Tensordyne’s 3nm Napier AI Chip Targets NVIDIA Blackwell And Rubin With Big Inference Claims
Tensordyne says its new Napier platform can deliver far higher token throughput than NVIDIA Blackwell while challenging Rubin class infrastructure, but the numbers still need real world validation.
Tensordyne has announced the successful tape out of its Napier AI processor, a 3nm inference chip designed to attack one of the biggest problems in modern AI datacenters: token generation cost. The company says Napier is now in production at TSMC and will sit at the center of the Tensordyne Napier TDN system. The platform is being built in partnership with Broadcom and HPE Juniper Networks, combining logarithmic AI math, HBM, SRAM, and a high speed scale up interconnect. According to Wccftech, the Napier chip features 138 billion transistors, 144GB of HBM3E, 256MB of SRAM, 2.1 PFLOPs of dense FP8 compute, and a 300W power rating.
Tensordyne claims its full rack system can deliver 13x more tokens per second and 17x more tokens per watt than an NVIDIA GB300 NVL72 Blackwell system. It also claims up to US$33 million more annual revenue per rack.

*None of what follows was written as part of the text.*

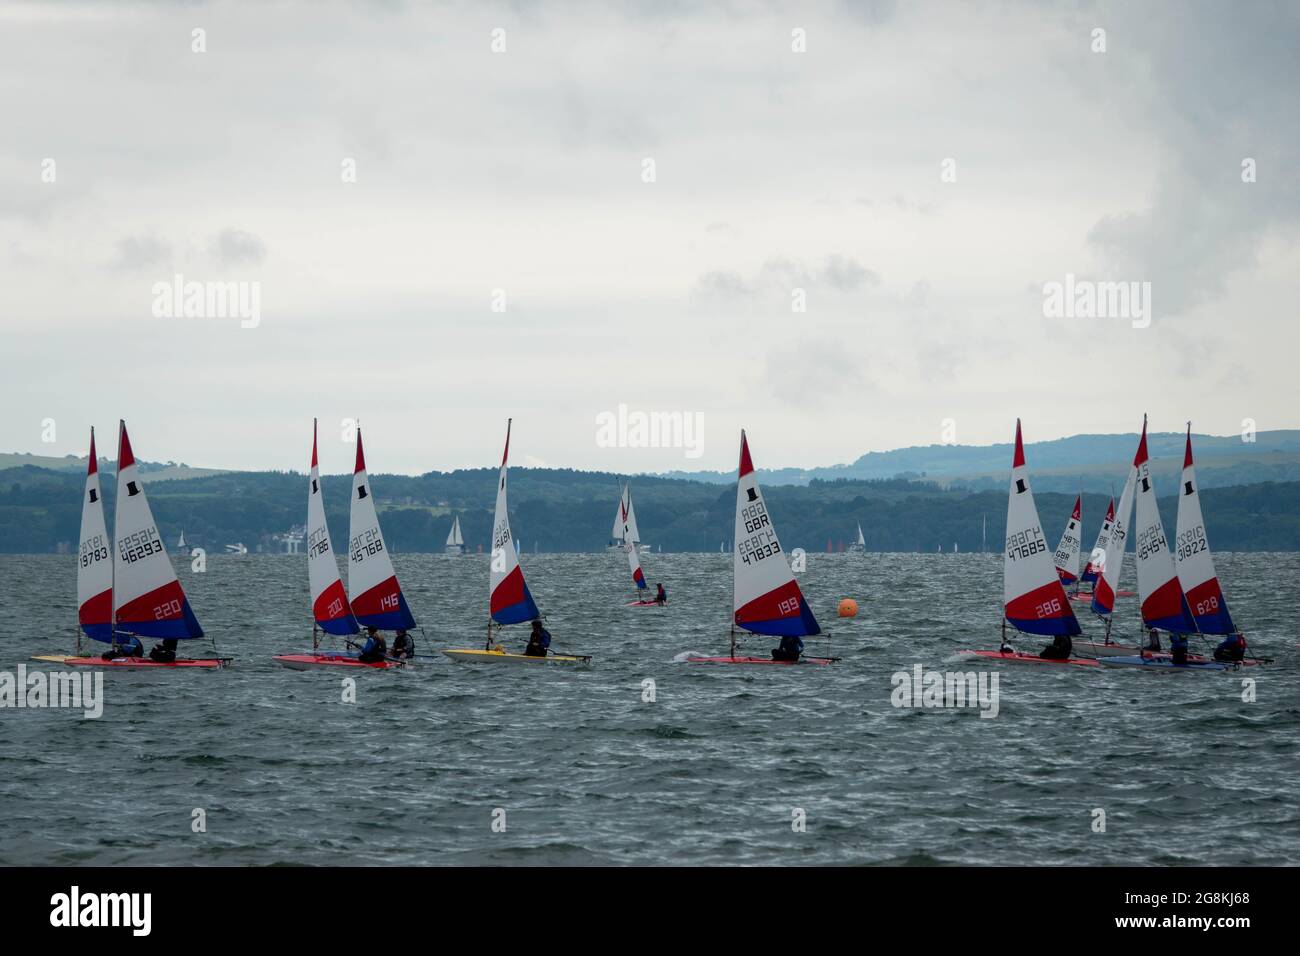 Segelboote standen im Meer bereit, um an einem stürmischen Sommertag ein Rennen zu starten Stockfoto

The core idea behind Napier is Tensordyne’s logarithmic math approach. Instead of relying heavily on large multiplication operations, the company says its TDN Math replaces those operations with simpler addition based computation.
That design is meant to improve performance per watt, reduce compute area, and free more silicon space for tensor engines, SRAM, HBM, and interconnect logic.
The TDN AIP processor combines HBM3E and SRAM to reduce idle compute cycles, while TDN Link provides an any to any scale up fabric with sub microsecond latency. Tensordyne says the interconnect offers 1TB per second of bandwidth and is designed to make a 72 chip pod behave like one tightly connected inference system.
"By optimising math, compute, memory, and networking from first principles, Napier delivers affordable inference without compromising on speed."
— Marc Bolitho, Tensordyne CEO
Tensordyne’s main system is the TDN72 pod, which uses 72 Napier chips. A full Napier rack combines 4 TDN72 pods for a total of 288 chips.
The rack is claimed to deliver 608 PFLOPs of FP8 compute, 74GB of SRAM, 42TB of HBM3E memory, and a 120kW power rating while remaining fully air cooled.
Tensordyne says the system can support multi trillion parameter models and deliver more than 1,000 tokens per second per user in a single rack configuration. The company claims that matching this throughput would require at least 9 NVIDIA Rubin plus Groq LPX racks.
That comparison is aggressive, but it also needs context. Tensordyne’s own product endnotes say its throughput results are based on internal simulations. That means these figures should not be treated the same as independent third party benchmark results yet.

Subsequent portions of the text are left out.